Merck / deepbgc

BGC Detection and Classification Using Deep Learning
https://doi.org/10.1093/nar/gkz654
MIT License
123 stars 27 forks source link

bug in get_proteins_by_id affecting pfam annotator #78

Open LuisFF opened 2 years ago

LuisFF commented 2 years ago

First of all thanks for developing DeepBGC and making it available to the community.
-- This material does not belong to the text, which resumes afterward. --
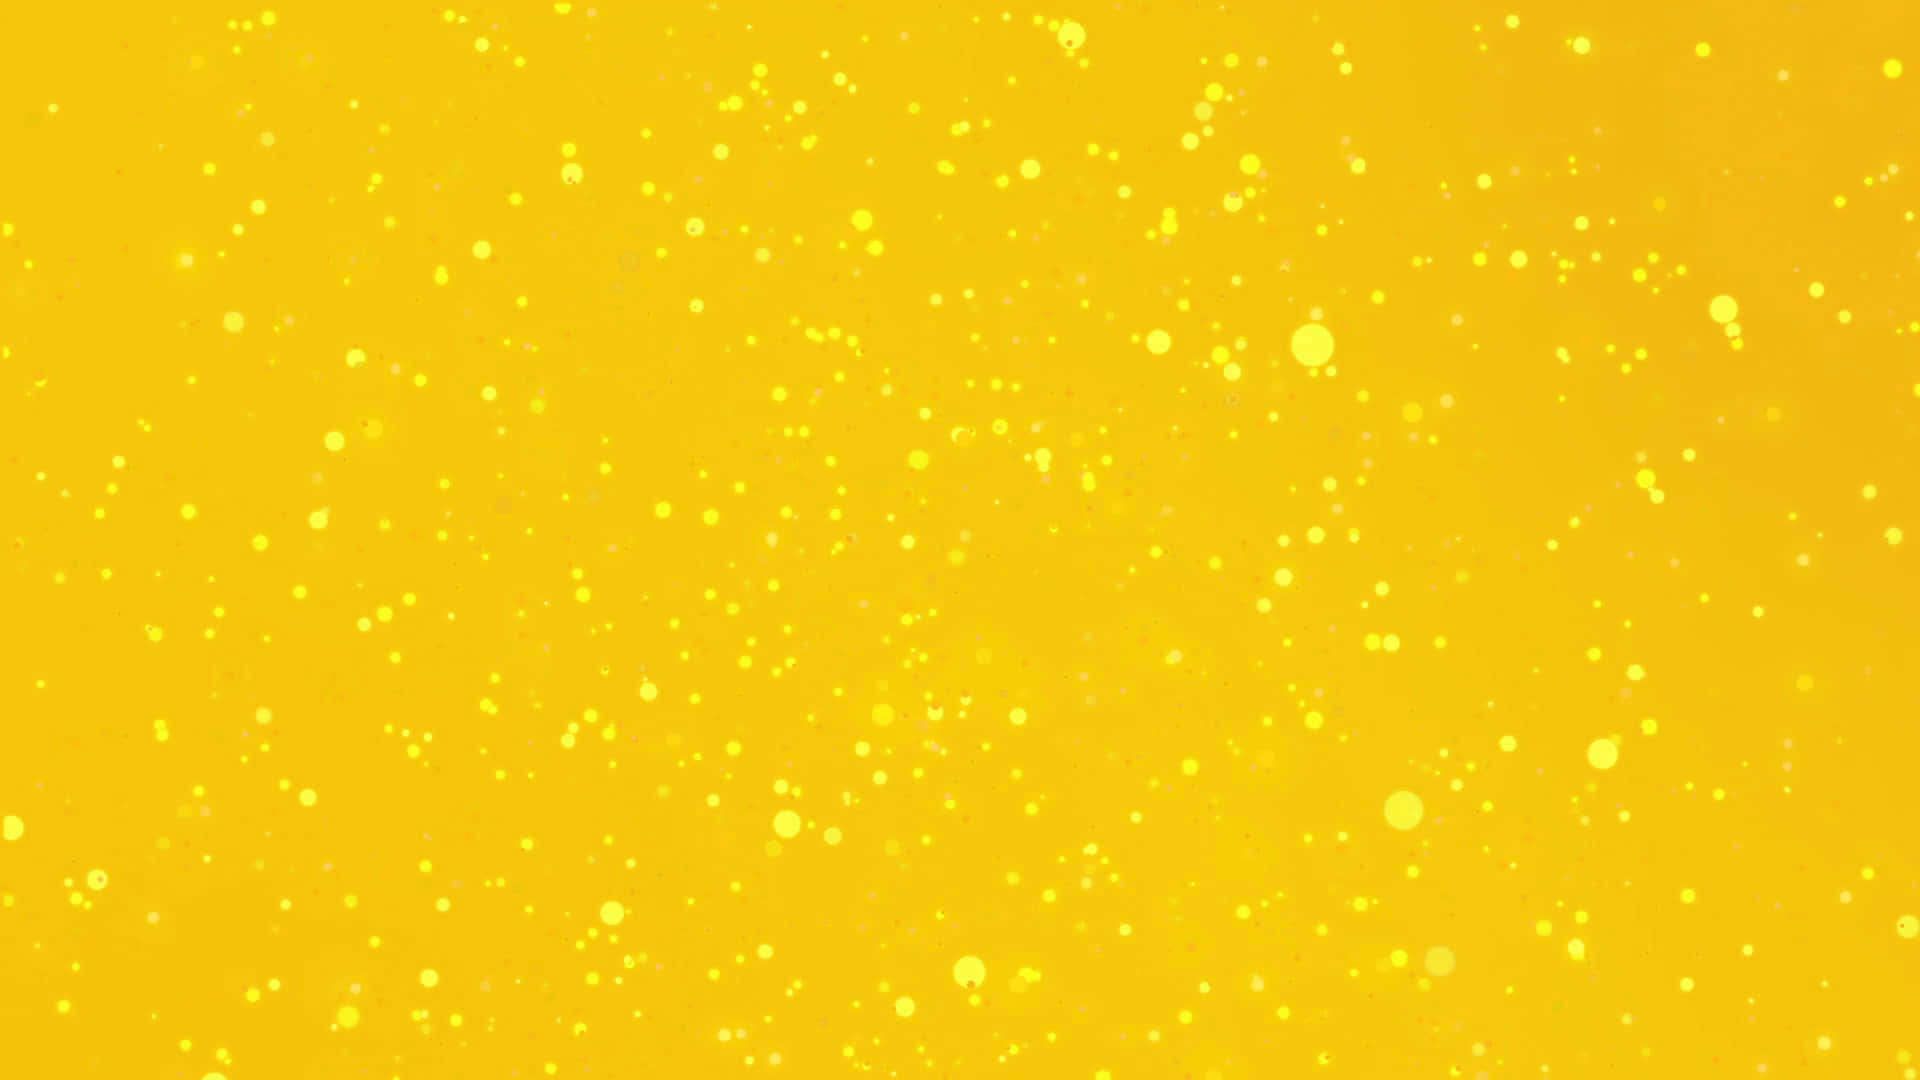 Yellow Background With Drops Of Water Wallpaper

I came across a bug in HmmscanPfamRecordAnnotator when generating the proteins_by_id dictionary. The util function get_proteins_by_id is currently looping through all the potential protein ids of a feature (e.g. unique_protein_id, protein_id and locus_tag) and this can cause features with id based on protein_id qualifier to be overwritten by another feature that shares the same protein_id but it was deduplicated using the unique_protein_id. This is causing PFAM_domain features to be incorrectly placed in the genomic sequence because protein_id used in hmmscan output file will match a different feature and pick the incorrect feature location.

prihoda commented 2 years ago

Hi @LuisFF, thanks for reporting this. I'll need to think for a bit since it's been a while since I wrote the code :)
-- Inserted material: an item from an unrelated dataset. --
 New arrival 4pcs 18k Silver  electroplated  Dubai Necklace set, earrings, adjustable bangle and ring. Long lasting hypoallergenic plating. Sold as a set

I would be careful around changing the logic of get_proteins_by_id, it's used in multiple places and not sure if it's safe to be able to only access the feature using its first protein ID, as proposed in your PR. Currently, it allows mapping from any of the potential protein IDs.

If I understand it correctly, this could also be solved by removing the protein_id qualifier when entering the unique_protein_id, correct? Here:

https://github.com/Merck/deepbgc/blob/c836f081d029041aa1754ec4f21cba0ce826a034/deepbgc/util.py#L503-L505

LuisFF commented 2 years ago

Hi @prihoda, thanks for looking into this.

Yes, removing the protein_id qualifier from subsequent CDS features with that same qualifier value is another way of solving this issue. That avoids any side effects I may overlooked in #79.

prihoda commented 2 years ago

Great, would you be up to implementing that behavior in your PR? @LuisFF

LuisFF commented 1 year ago

Hi @prihoda , I pushed the suggested changes.

Please let me know if there's anything else needed.